Work instructions: Only the pictures are to be left out; return the rest of the data exactly as it stands.

Top of Provided data

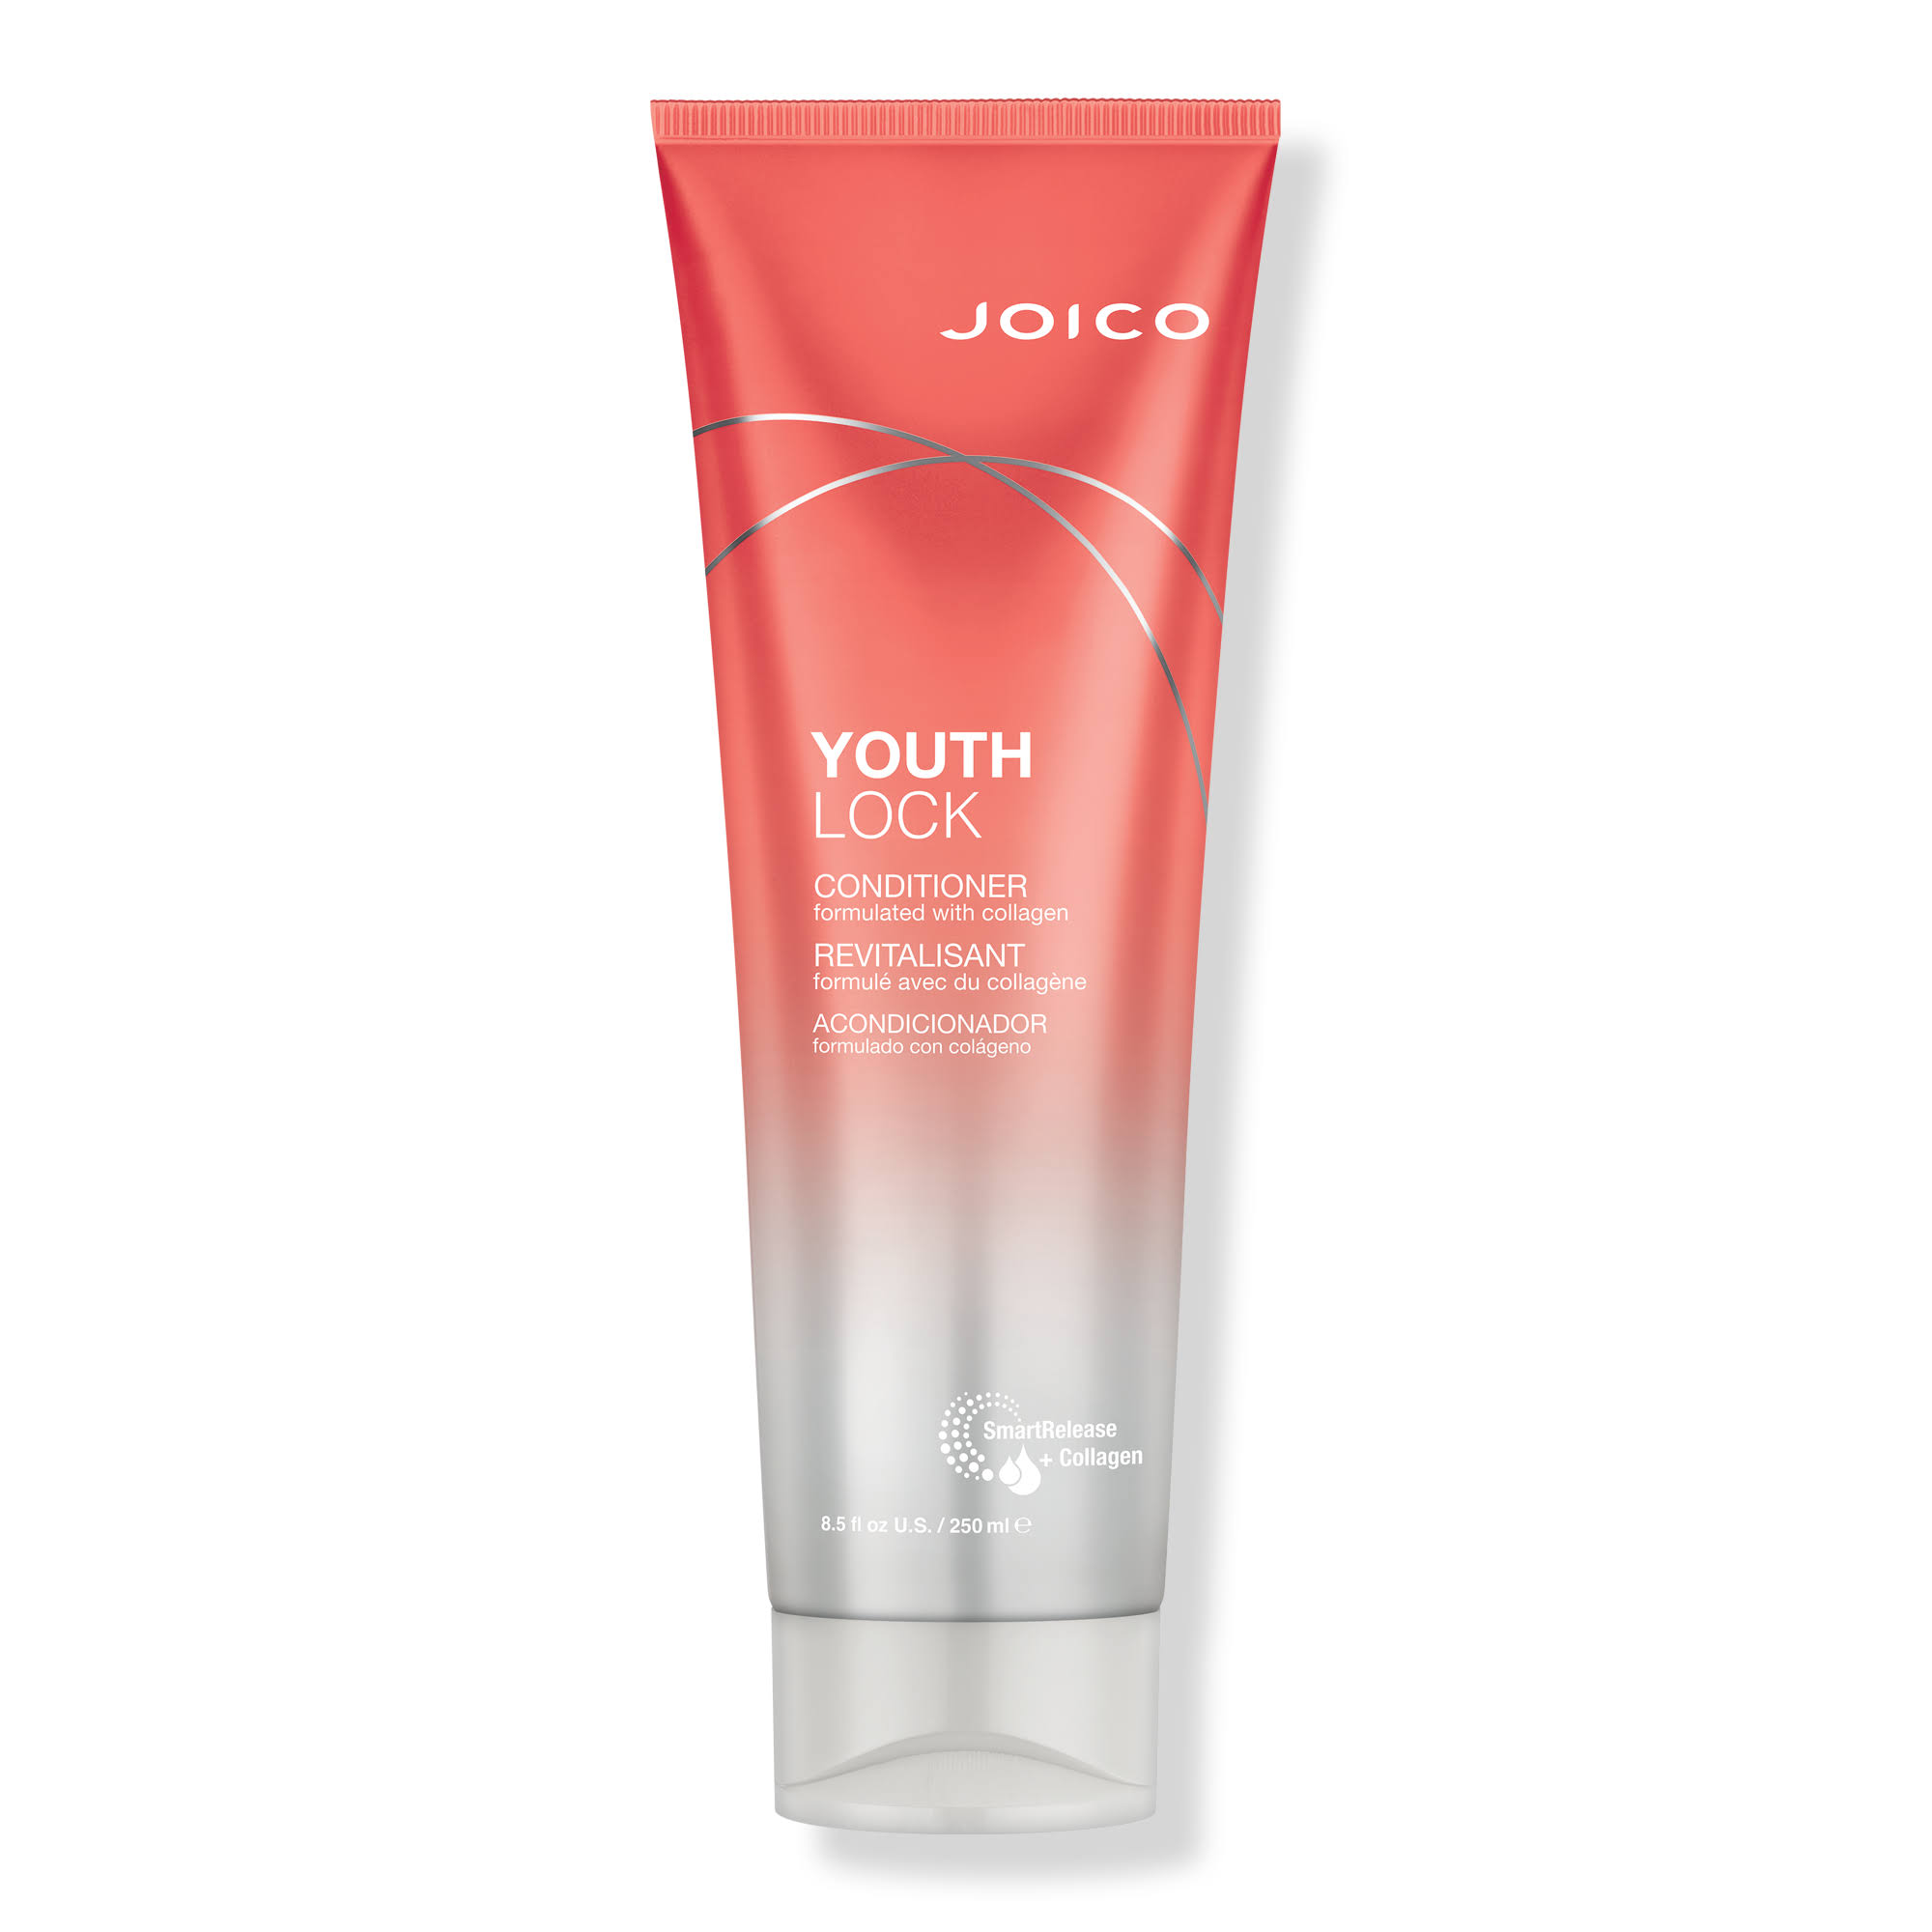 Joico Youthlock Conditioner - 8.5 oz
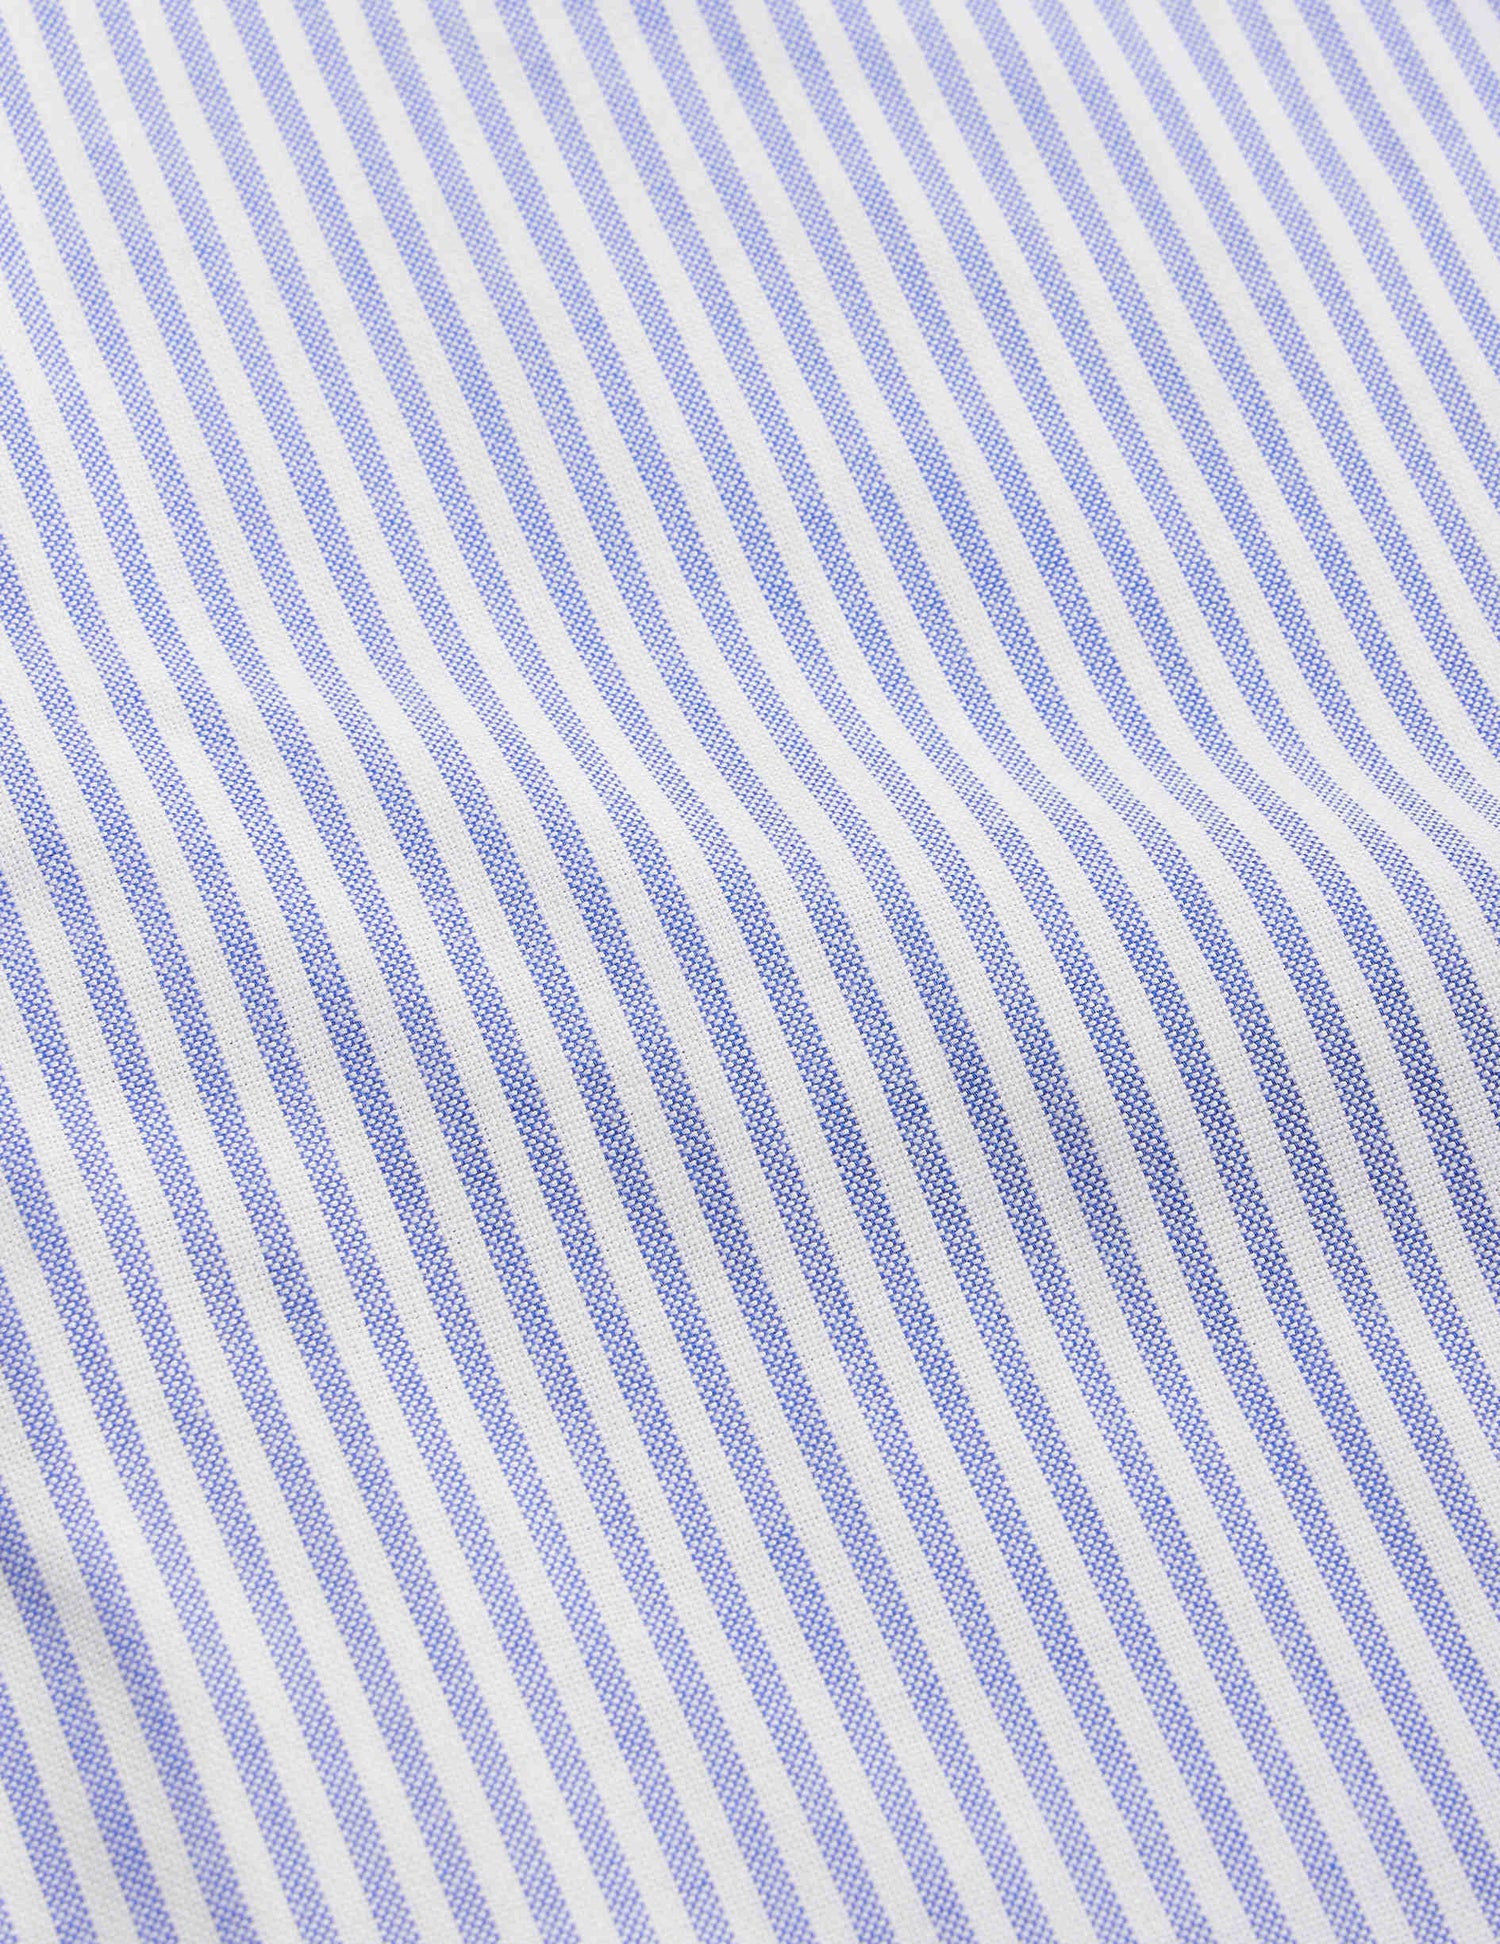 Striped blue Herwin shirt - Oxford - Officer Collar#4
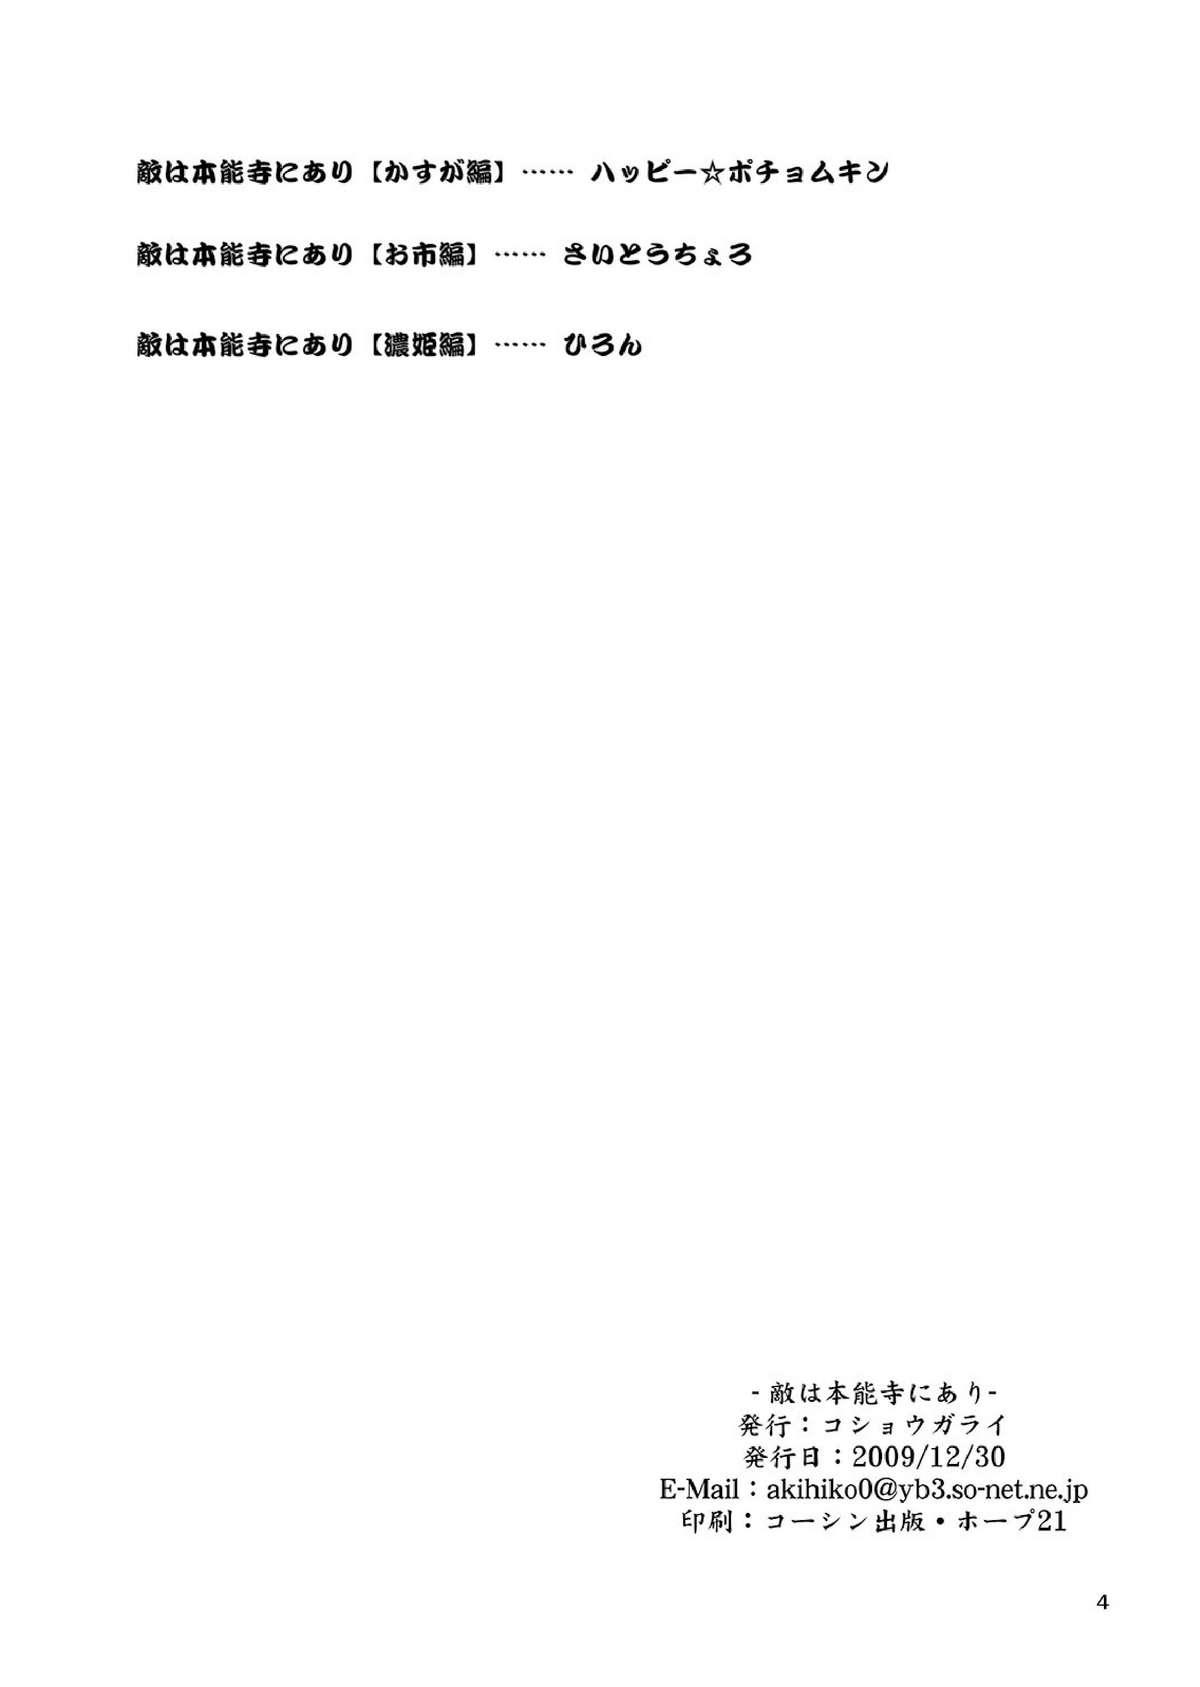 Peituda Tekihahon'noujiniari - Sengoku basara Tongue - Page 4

Bottom of Provided data

Reply:
 Joico Youthlock Conditioner - 8.5 oz
 Striped blue Herwin shirt - Oxford - Officer Collar#4
 Peituda Tekihahon'noujiniari - Sengoku basara Tongue - Page 4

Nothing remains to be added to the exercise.